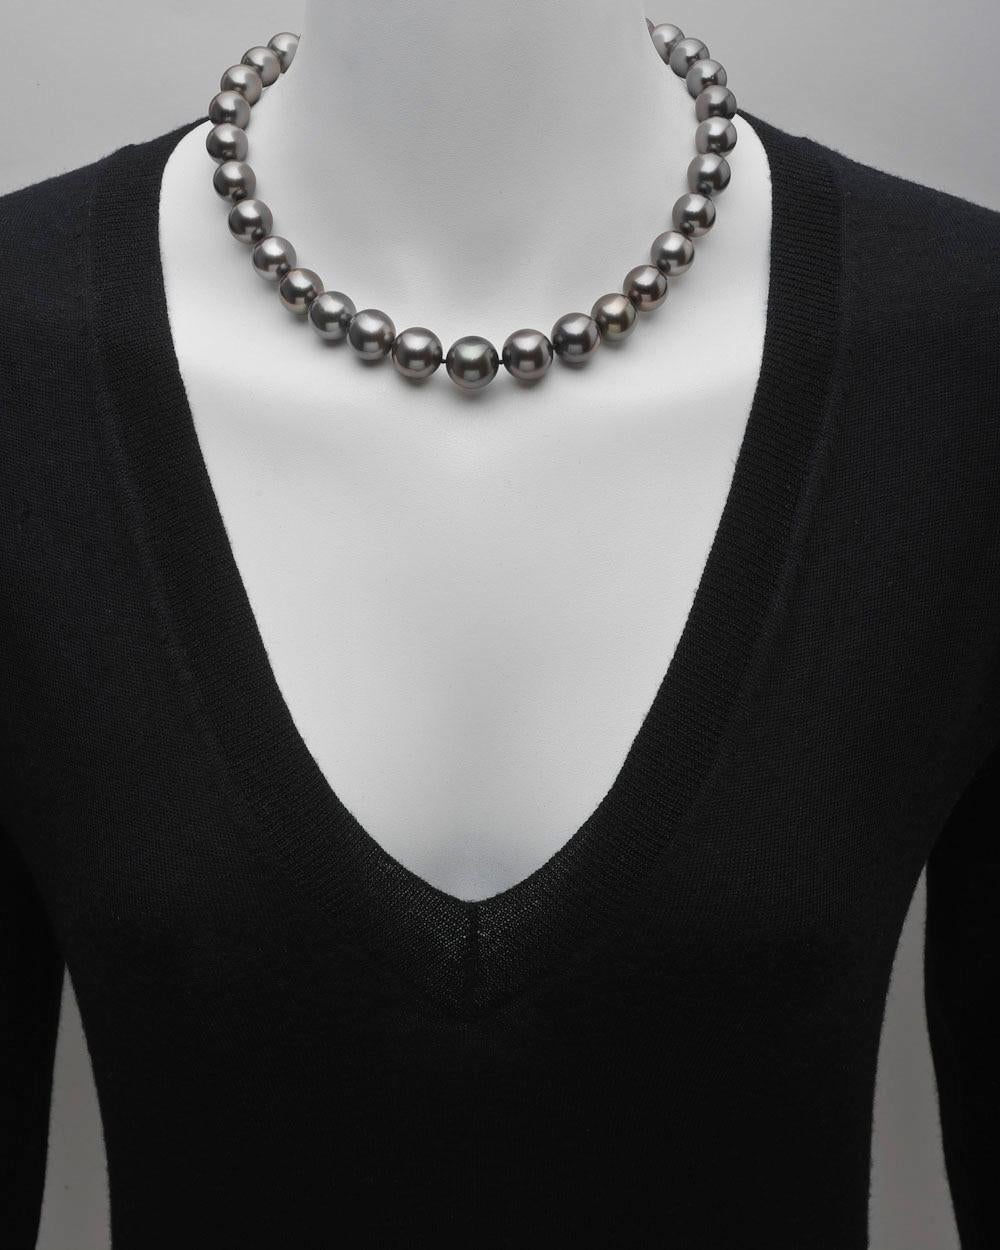 Single strand black pearl necklace, composed of 33 cultured pearls ranging from 14.8 to 12mm in diameter and strung on a silk cord, secured by a diamond and platinum ball clasp pavé-set with approximately 4.98 total carats of diamonds. 18.5
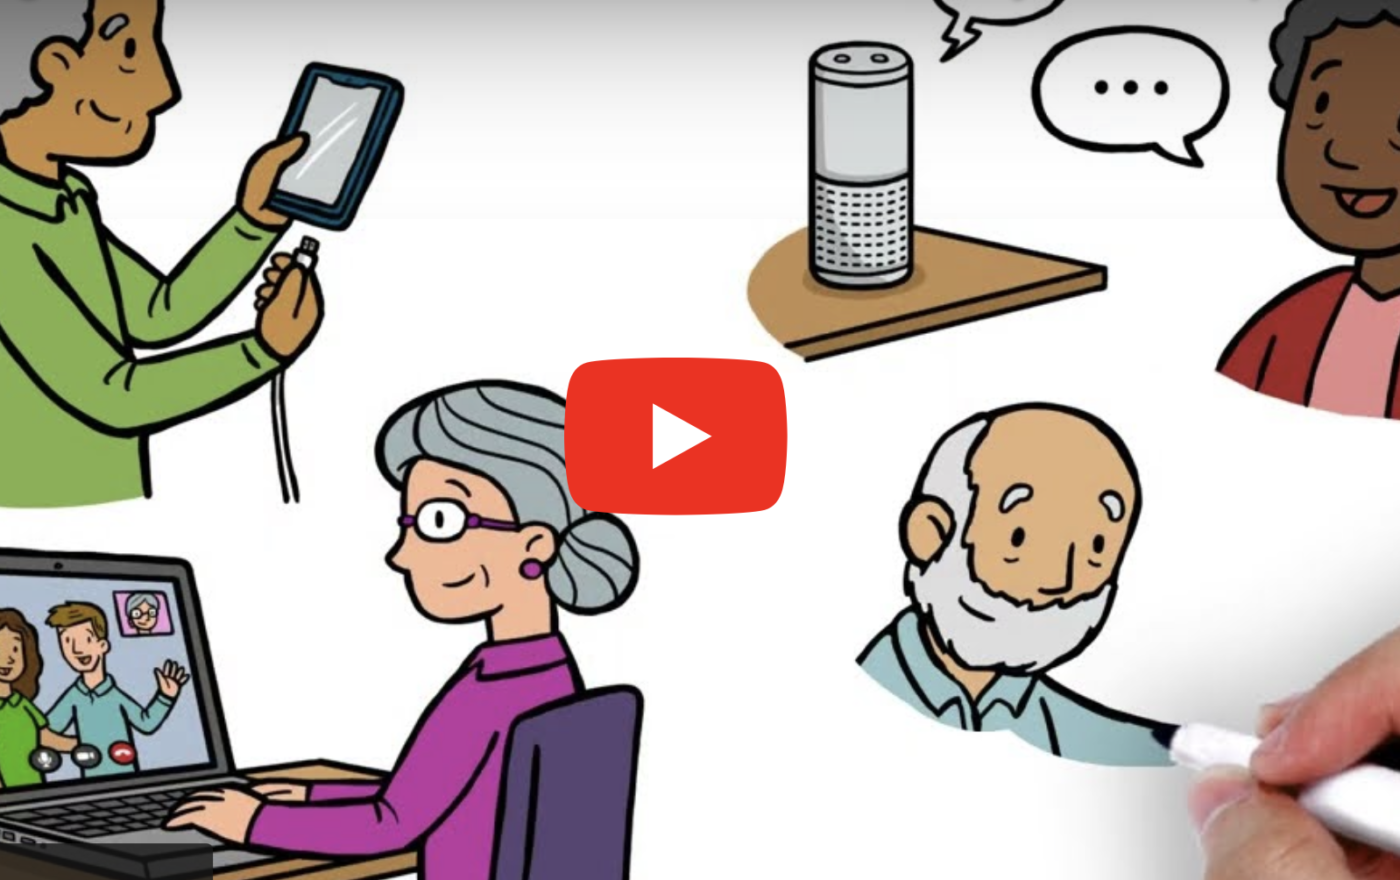 still from a video clip showing cartoons of people using smart care technology
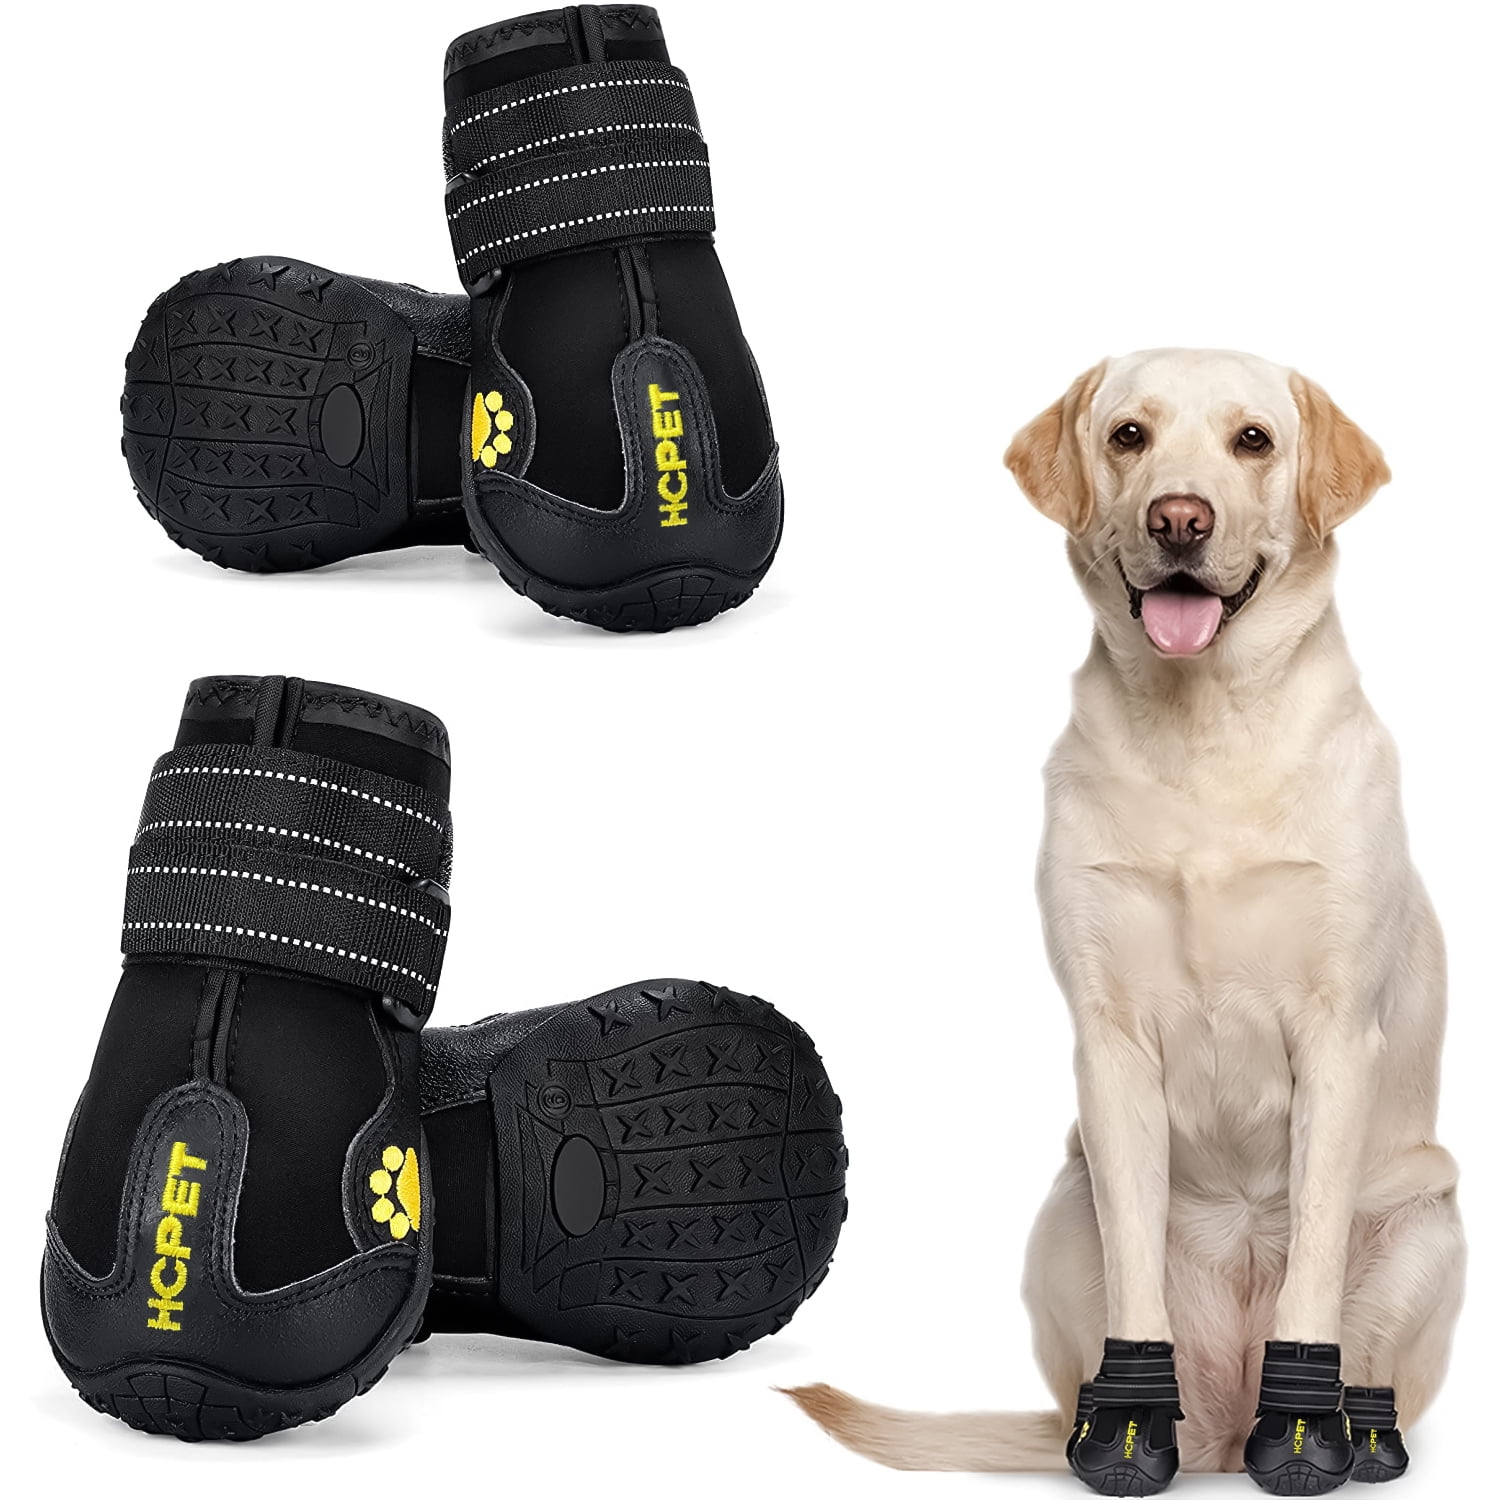 Waterproof Shoes for Dog,Dog Booties with Reflective Rugged Anti-Slip Sole,Outdoor Dog Boots,Dog Boots for Medium to Large Dogs,Rain Boots for Dog 4pcs Dog Boots

Work to be completed: As you output the material, omit the pictures but alter nothing else.

Your solution:
 Single strand black pearl necklace, composed of 33 cultured pearls ranging from 14.8 to 12mm in diameter and strung on a silk cord, secured by a diamond and platinum ball clasp pavé-set with approximately 4.98 total carats of diamonds. 18.5
 still from a video clip showing cartoons of people using smart care technology
 Waterproof Shoes for Dog,Dog Booties with Reflective Rugged Anti-Slip Sole,Outdoor Dog Boots,Dog Boots for Medium to Large Dogs,Rain Boots for Dog 4pcs Dog Boots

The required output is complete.